X-ray micro-tomography imaging and flow experiment

A ZEISS Xradia 510 Versa micro-CT scanner was used to acquire high-resolution three-dimensional images of the reservoir rock and the fluids within it. The rock was inserted in a Hassler type carbon fibre coreholder that is X-ray transparent and placed inside the micro-CT for image acquisition. The coreholder was connected to flow lines to perform the injection sequence: (i) first water flooding [WF1]; (ii) gas injection [GI]; and (iii) second water flooding [WF2]. Prior to starting the injection sequence, the crude oil in the restored sample was completely displaced and replaced by doped oil at the experimental conditions, 70 °C, and 10.85 MPa. During each injection, 1 pore volume, 0.708 mL, of fluid was injected into the sample at rate of 0.005 mL/min. Images of the whole rock sample (1652 × 1652 × 66974 voxels) were acquired after each injection with a voxel size of 3.57 µm to characterize the pore occupancy and measure fluid saturations. A scan of higher resolution (1483 × 1483 × 1758 voxels), with a voxel size of 1.82 µm, was also acquired at the centre of the rock to examine gas layers. The images were acquired 2 h after each injection to allow the fluids in the rock pore space to reach equilibrium conditions. After the experiment, the rock was cleaned to remove any organic material by injecting toluene into the pore space, followed by the injection of deionized water, and then dried at 60 °C in vacuum for three days to prepare the sample for acquisition of a dry scan. This was done after the experiment for convenience so that all the images could be acquired during the same period. A more detailed description of the flow apparatus, experimental procedure and image acquisition can be found in the Supplementary Information.

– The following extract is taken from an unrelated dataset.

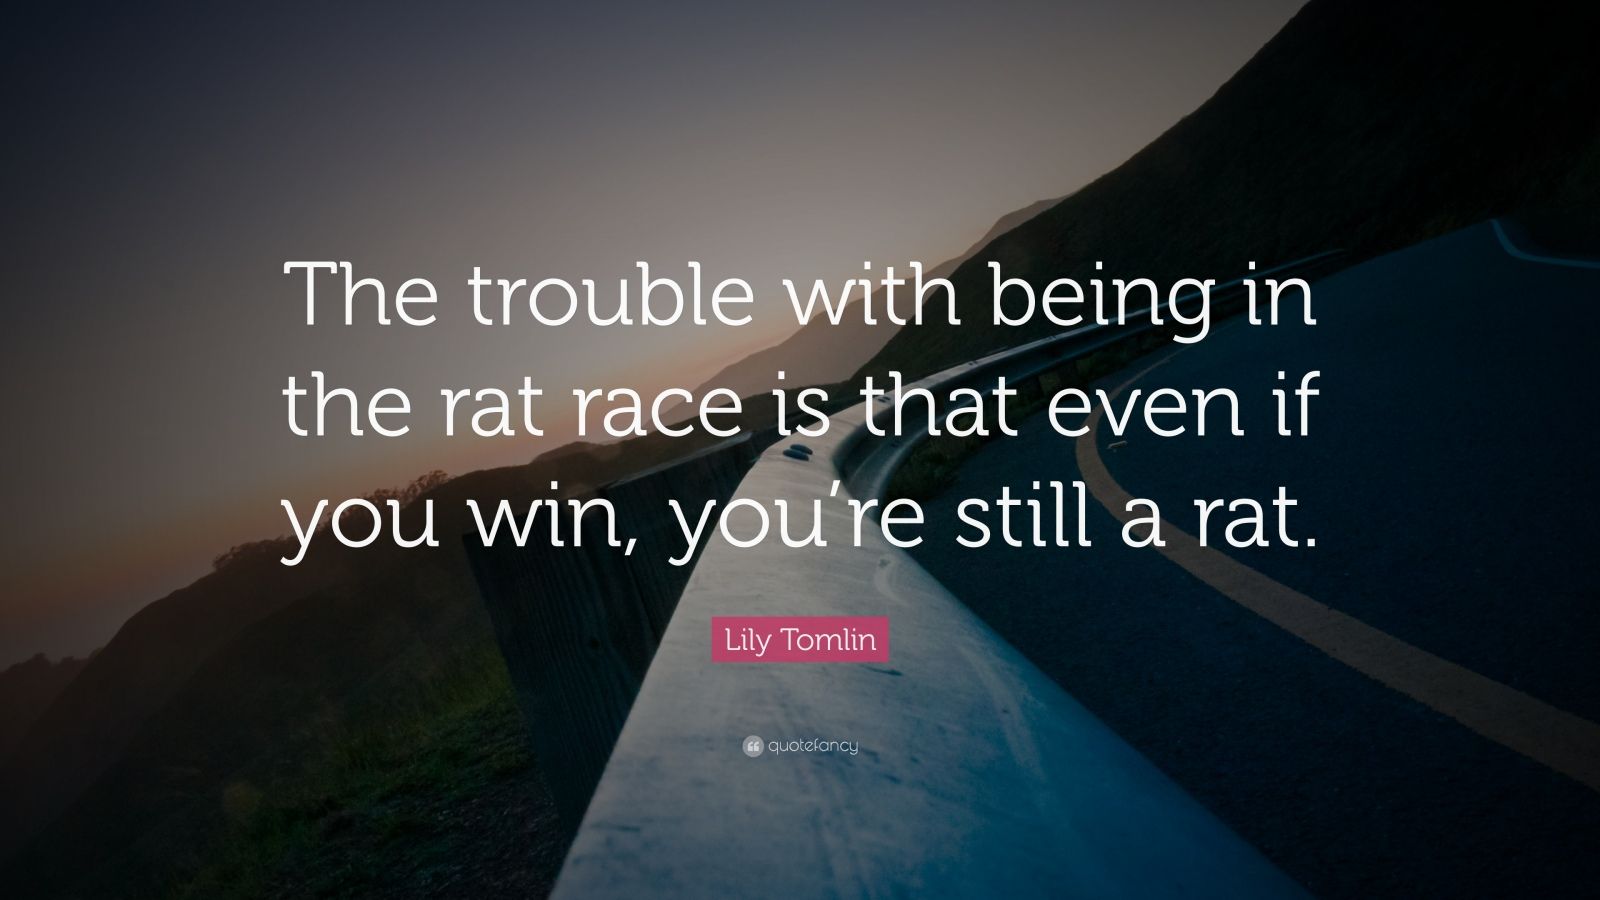 Lily Tomlin Quote: “The trouble with being in the rat race is that even if you win, you're still a rat.”

Image processing and segmentation

The raw micro-CT images acquired were processed for phase identification, i.e. image segmentation. The images were segmented into four phases: water, rock, oil and gas. The 3.57 µm voxel images of the whole sample were segmented using the seeded watershed algorithm44. A non-local means filter was applied to the 3.57 µm voxel images to smooth the grey scale images and improve the watershed segmentation45. The higher resolution images, 1.82 µm voxel size, were segmented using machine learning-based trainable WEKA segmentation method46. WEKA segmentation was chosen to segment the high-resolution images as it preserves the shape of the interface between the phases, facilitating more accurate characterization of flow properties and thicknesses of gas layers38. However, WEKA is very CPU intensive, hence, it was not possible to apply it to the large 3.57 µm voxel size images of the whole sample. A more detailed description of the image segmentation is provided in the Supplementary Information.

Flow simulation

We computed flow on segmented high-resolution images of size 2.2 × 109 voxels. We treated each phase separately and solved the Navier-Stokes equation using a finite volume method47 with a constant pressure differential across the image in the experimental direction of flow, and with no flow boundaries with the solid and the interfaces with other phases. The no-flow boundary condition removes complexities in the calculation, so that the flow of one phase is not dependent on the flow rate and direction of the other phases. This is also a good approximation for layer flow of CO2 since it is much less viscous than the oil or water (see, for instance, Shams, et al.48 for a quantification of these effects in simple geometries). The permeability of the phase was computed from the ratio of flow rate to pressure gradient using Darcy’s law. For more details refer to the Supplementary Information.